MJ: Mamma called the doctor and the doctor said...
Kavin: You might be entitled to financial compensation if he or a loved one dies.

*̊˙˚˙⑅*❀❀*⑅。・:*。・:*

Ren: This is a very powerful artifact. You'd be messing with some forces we don't fully understand.
Y/N: That sounds like a dare to me.
Ren: Oh my god.

*̊˙˚˙⑅*❀❀*⑅。・:*。・:*

Thyme: What's sexting?
Kavin: I'm not having this conversation with you.

*̊˙˚˙⑅*❀❀*⑅。・:*。・:*

Y/N: I hate how you're just born out of nowhere, and you're forced to go to school and get education so you can get a job. What if I wanted to be a duck? No one ever asked me if I want to be a duck!

*̊˙˚˙⑅*❀❀*⑅。・:*。

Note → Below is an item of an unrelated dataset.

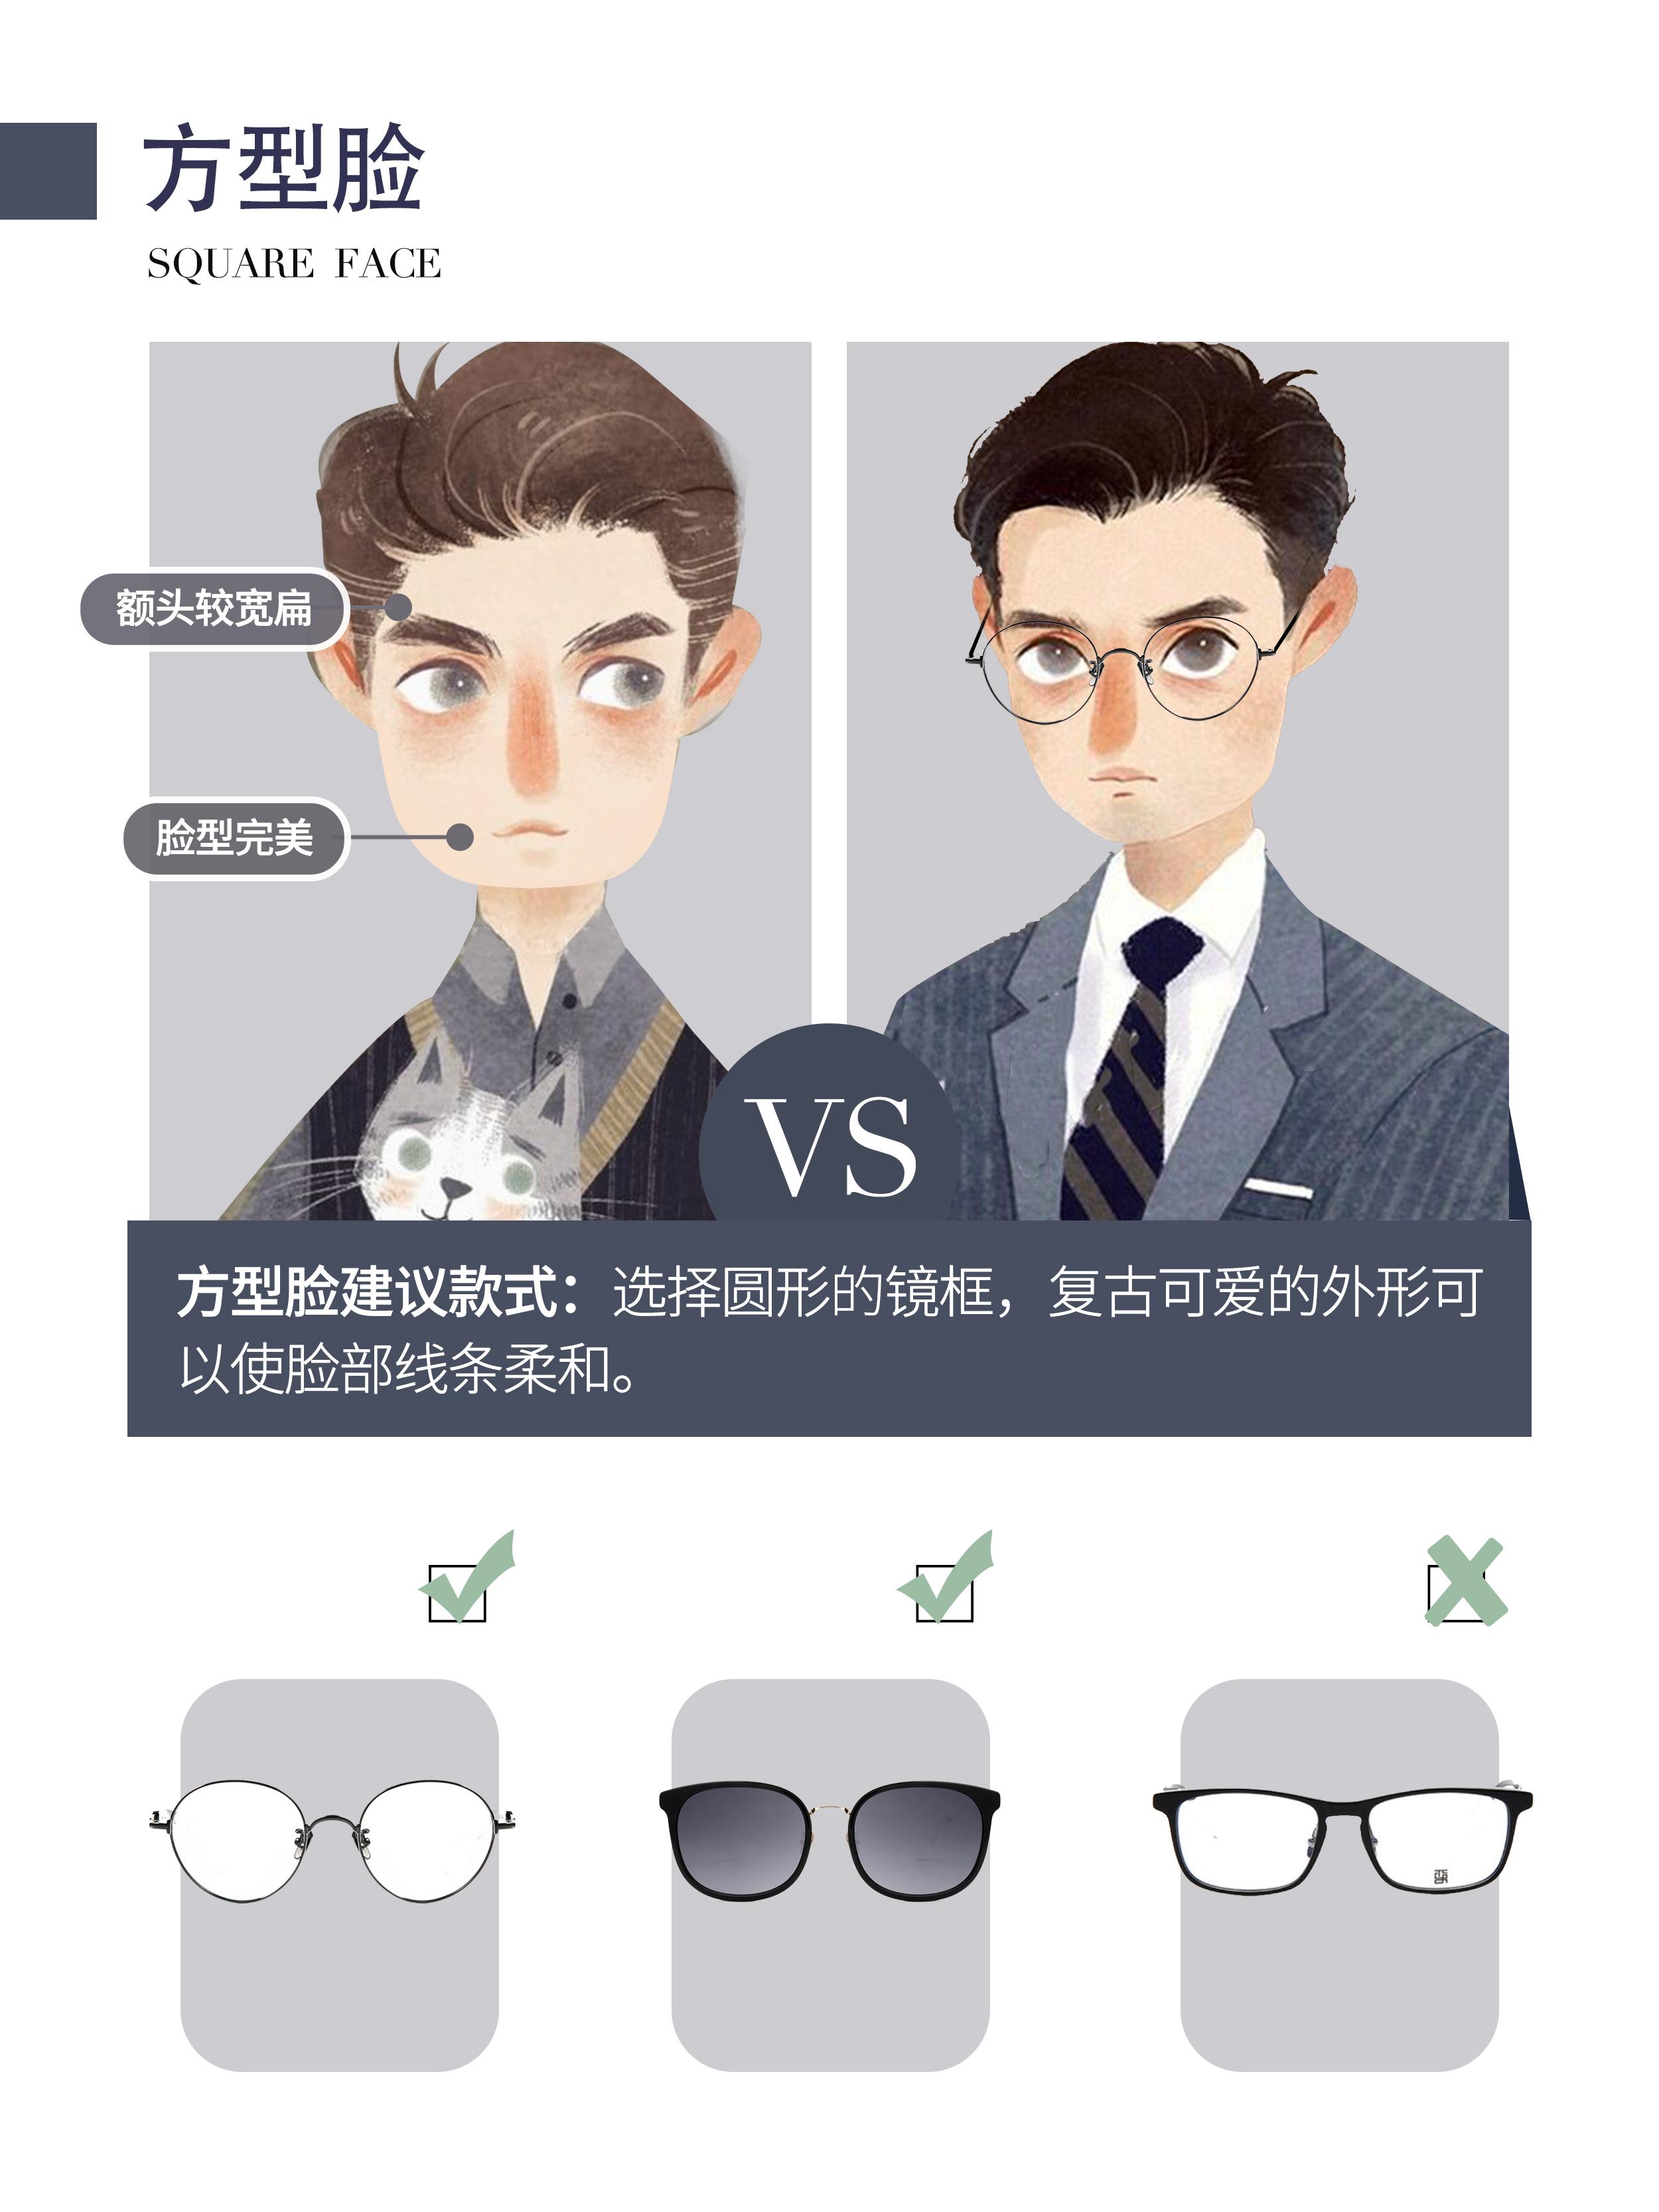 眼镜拍摄 眼镜模特拍摄 - 广州北斗摄影公司
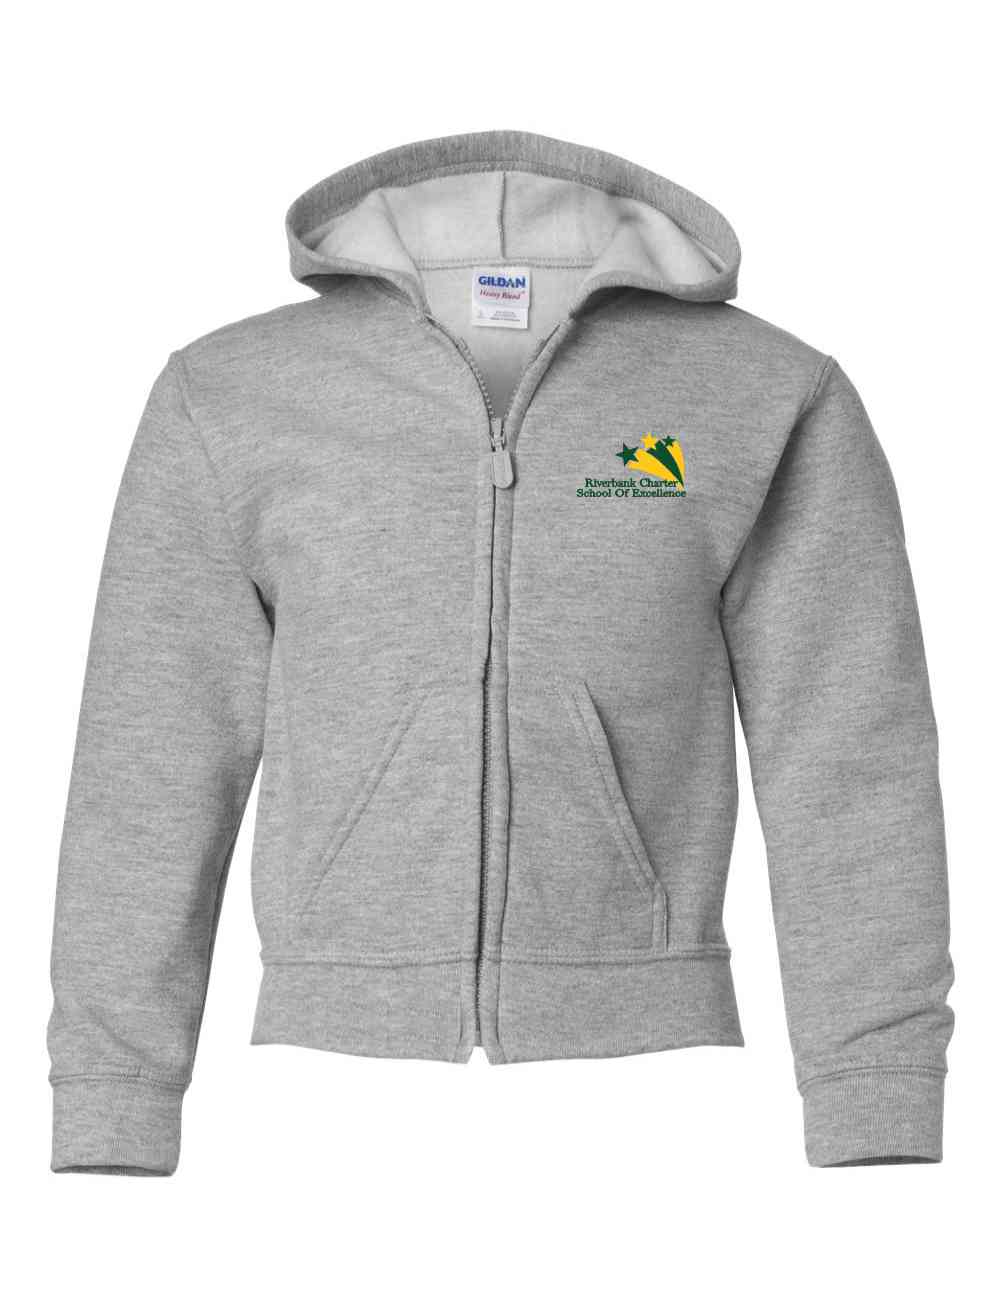 3-18600b Embroidered Gildan Youth  zip hooded sweatshirt

・:*

Gorya: Why are you like this??
Ren: I used too much "No More Tears" shampoo as a kid and I haven't felt a single emotion since.

*̊˙˚˙⑅*❀❀*⑅。・:*。・:*

Y/N, holding in their laughter: Hey, how do you ask a glass of water what it's doing?
Ren: A glass of water is an inanimate object. Therefore, it's incapable of having a thought process or understanding basic human language.
Y/N:
Y/N: Water you doing?

*̊˙˚˙⑅*❀❀*⑅。・:*。・:*

Thyme: I don't know the first thing about clothes. Pretty much all I can do is look at something and tell you if it's clothes or not. This chair? Not clothes.

*̊˙˚˙⑅*❀❀*⑅。・:*。・:*

Lita: Why would you do that?
Gorya: Because I feel guilty.
Y/N: Guilt is a trick emotion. It’s put there by your parents to stop you from doing things that feel good.

*̊˙˚˙⑅*❀❀*⑅。・:*。・:*

Gorya: So, Ren is late today. Anyone wanna bet why?
MJ: I say he slipped through the subway grate and is having terrible sx with the mole man.
Y/N: I don't know about that...I think either his alarm clock didn't go off, or he's in line at the bank.
Thyme: Take this more seriously! Ren was clearly taken in his sleep!
Lita: I bet he tucked himself into the bed too tightly and got stuck.
Kavin: Maybe he fell into another dimension where he's more interesting...?
*Ren arrives*
Ren: Sorry I'm late - there was a problem at the bank.
Y/N, clapping their hands in excitement: HOT DMN!

*̊˙˚˙⑅*❀❀*⑅。・:*。・:*

Y/N: Sometimes I wonder if I’m hearing voices.
Y/N: Then I remember that’s the last bit of sanity I have trying to get me to fall asleep at a reasonable time.